For one week try to be aware of your tendency to criticize, to see what
is missing, to focus on what is not there and comment on it. Try
instead to focus on what is right. Notice what you have and what others
contribute. Search for things to praise. Begin with simple things.
Praise the world. Appreciate your own breathing, the sunrise, the beauty
of a rainstorm, the wonder in your child’s eyes. Utter some silent
words of thanksgiving (to no one in particular) for these small wonders
in your day. This will begin to change your focus on the negative.
Step 2.
Give at least one genuine, heartfelt praise to your spouse each day for
an entire week. Notice the effects of this exercise on your partner and
yourself. If you are able, extend the exercise one more day. Then add
another day. Extend the exercise to others — for example, to your
children. When you meet someone new, look for what is special about this
person. Appreciate these qualities. Remember, this all has to be
genuine and heartfelt. Don’t be phony. Notice these positive qualities.

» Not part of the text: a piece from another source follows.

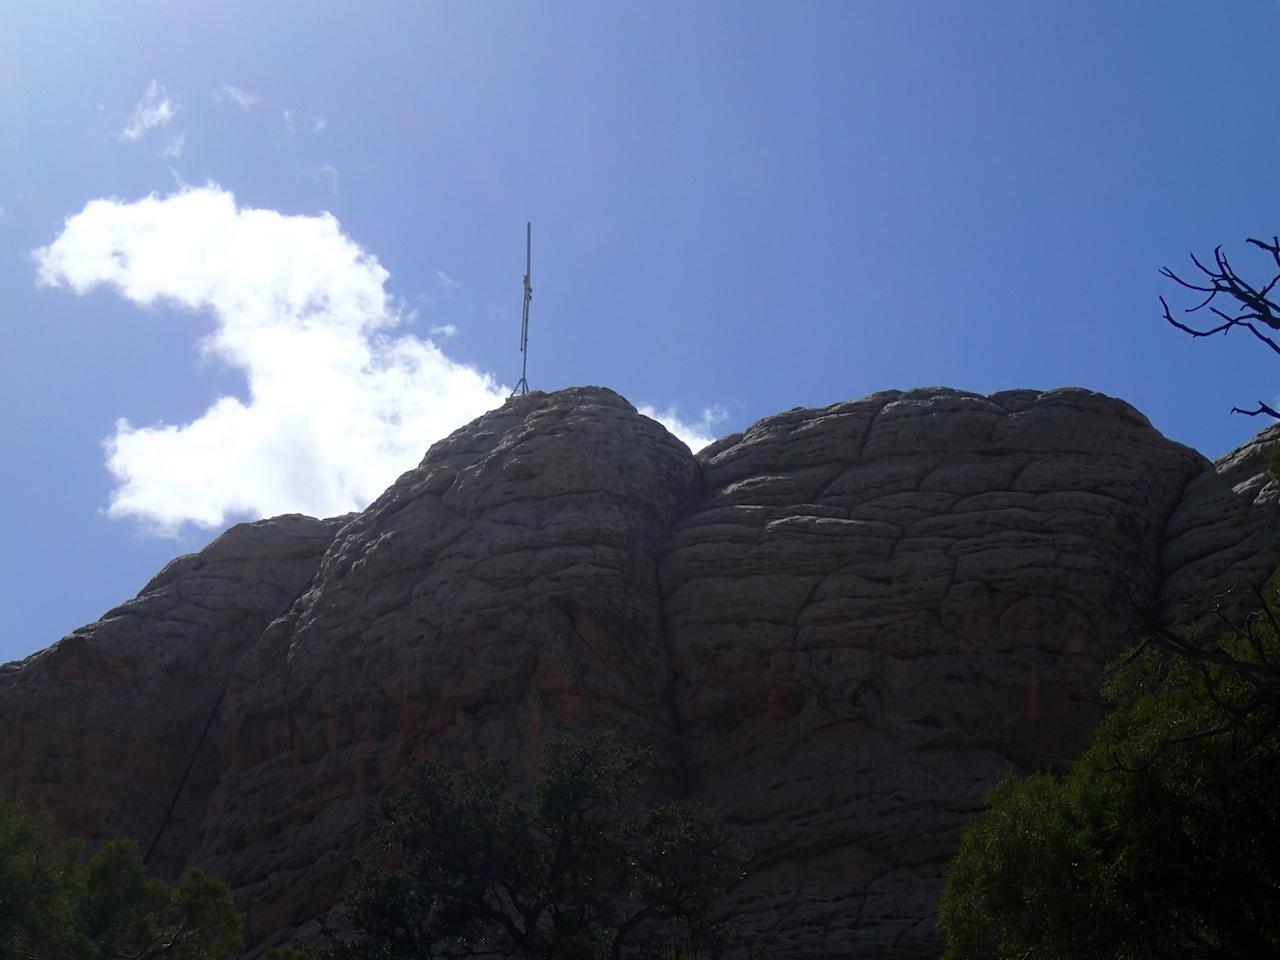 VermilionCliffs-NortheastOverlooks-06032016-P3062441.JPG

Enjoy them. Try to tell people what you notice and genuinely appreciate
about them. Just find one thing for each person. Ignore the
shortcomings. (Gottman, 2015. 283-284)
As
we seek to find the things in our marriage that just don’t smell right,
seek to accept ourselves as we are and show gratitude each day, it will
greatly strengthen our relationships and we will truly have a blissful
marriage.
References:
Gottman, J. M., & Silver, N. (2015). The seven principles for making marriage work. New York: Harmony Books.
References:
Gottman, J. M., & Silver, N. (2015). The seven principles for making marriage work. New York: Harmony Books.